L’histoire de ce lieu
Un paysage façonné par l’eau et le sable
Le Zwanenwater se trouve derrière le cordon de dunes, au sud de Callantsoog. Depuis la côte, rien ou presque ne laisse deviner que deux grands lacs d’eau douce se cachent entre les dunes. Le Eerste Water et le Tweede Water forment le cœur d’un paysage mêlant roselières marécageuses, vallées dunaires humides, landes, prairies, zones de sable nu et petits bois. La mer du Nord est toute proche, mais ce sont surtout la pluie et les eaux souterraines qui façonnent le site.
Le paysage actuel s’est formé au fil de plusieurs siècles de tempêtes, d’érosion côtière et de reconstitution du littoral. À la fin du Moyen Âge, l’ancien cordon dunaire était profondément entaillé et le bras de mer de la Zijpe pénétrait loin dans les terres. Après la violente tempête de 1553, la digue maritime de la Zijpe fut construite. De nouvelles dunes se formèrent ensuite du côté de la mer, emprisonnant l’eau entre leurs reliefs et donnant d’abord naissance à un seul lac dunaire allongé.
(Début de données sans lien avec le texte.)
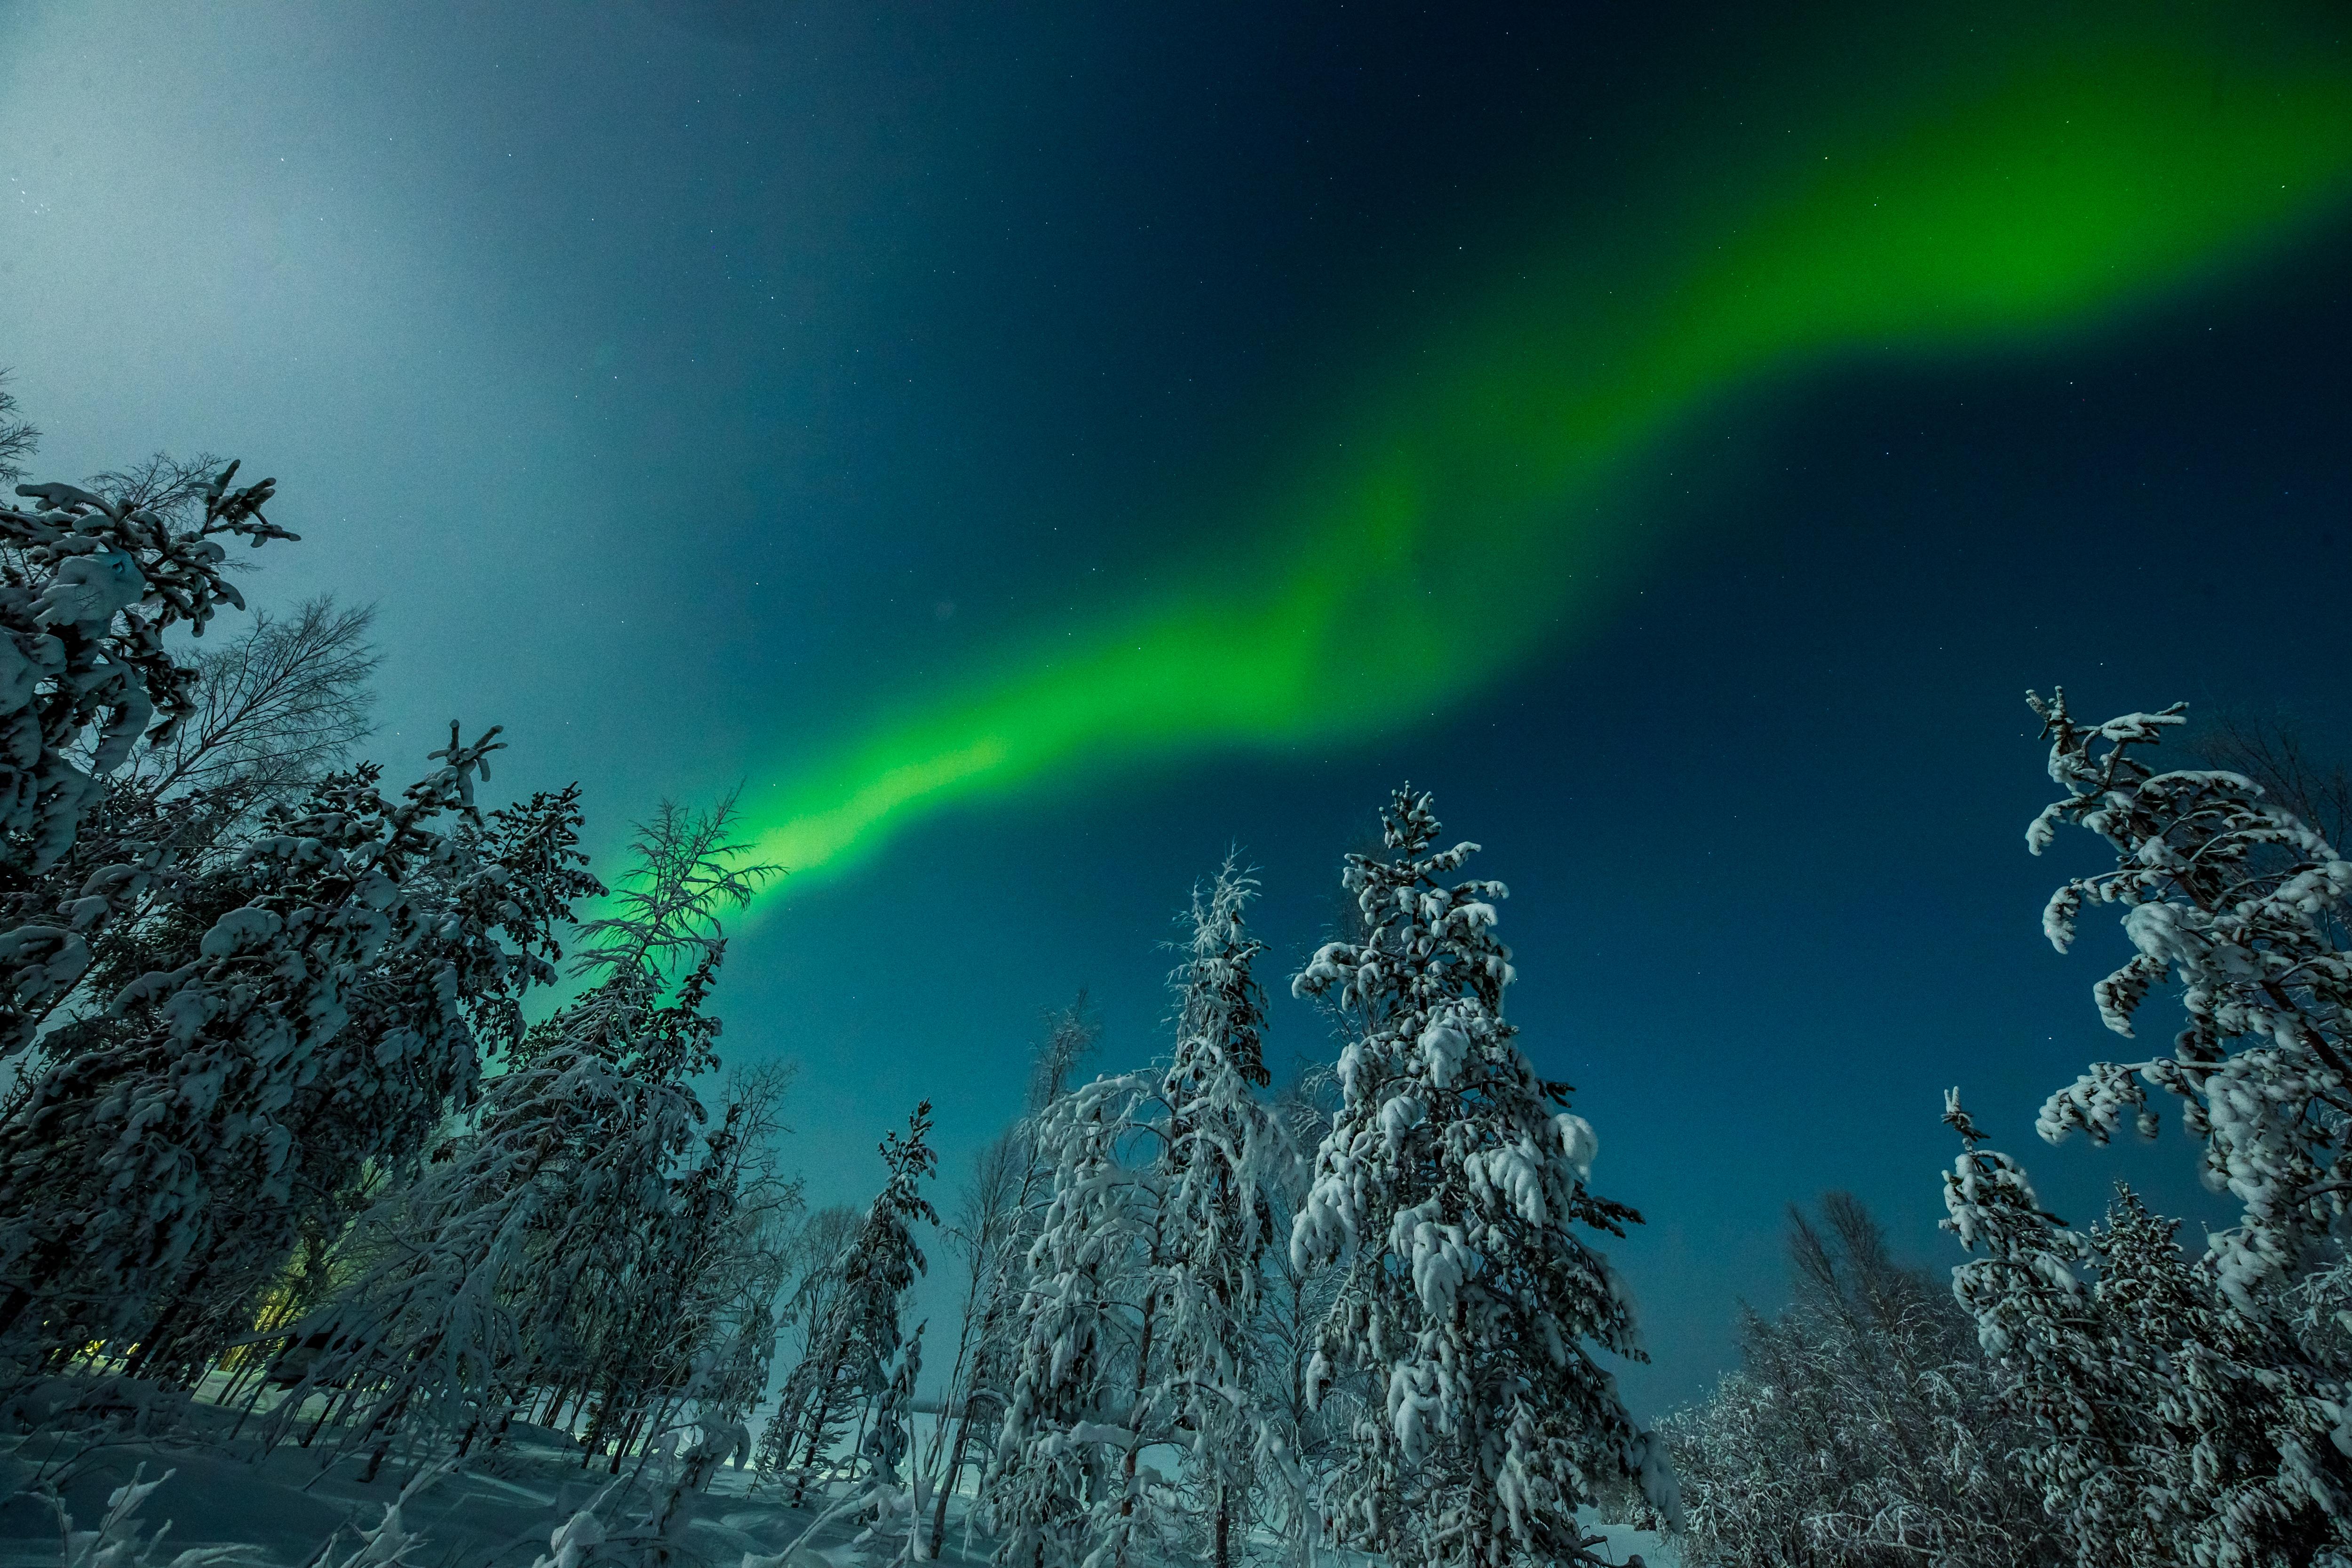 Aurora Borealis, or Northern Lights

Le sable transporté par le vent resserra ensuite ce lac à plusieurs endroits, jusqu’à former le Eerste Water et le Tweede Water. Autour de ces lacs peu profonds se développèrent de vastes roselières, des peuplements de marisque, des fourrés de saules et des prairies humides. Plus loin de l’eau se succèdent des vallées dunaires humides, des landes décalcifiées, des pelouses dunaires sèches et des zones de sable nu. Des habitats très différents se côtoient ainsi sur de très courtes distances.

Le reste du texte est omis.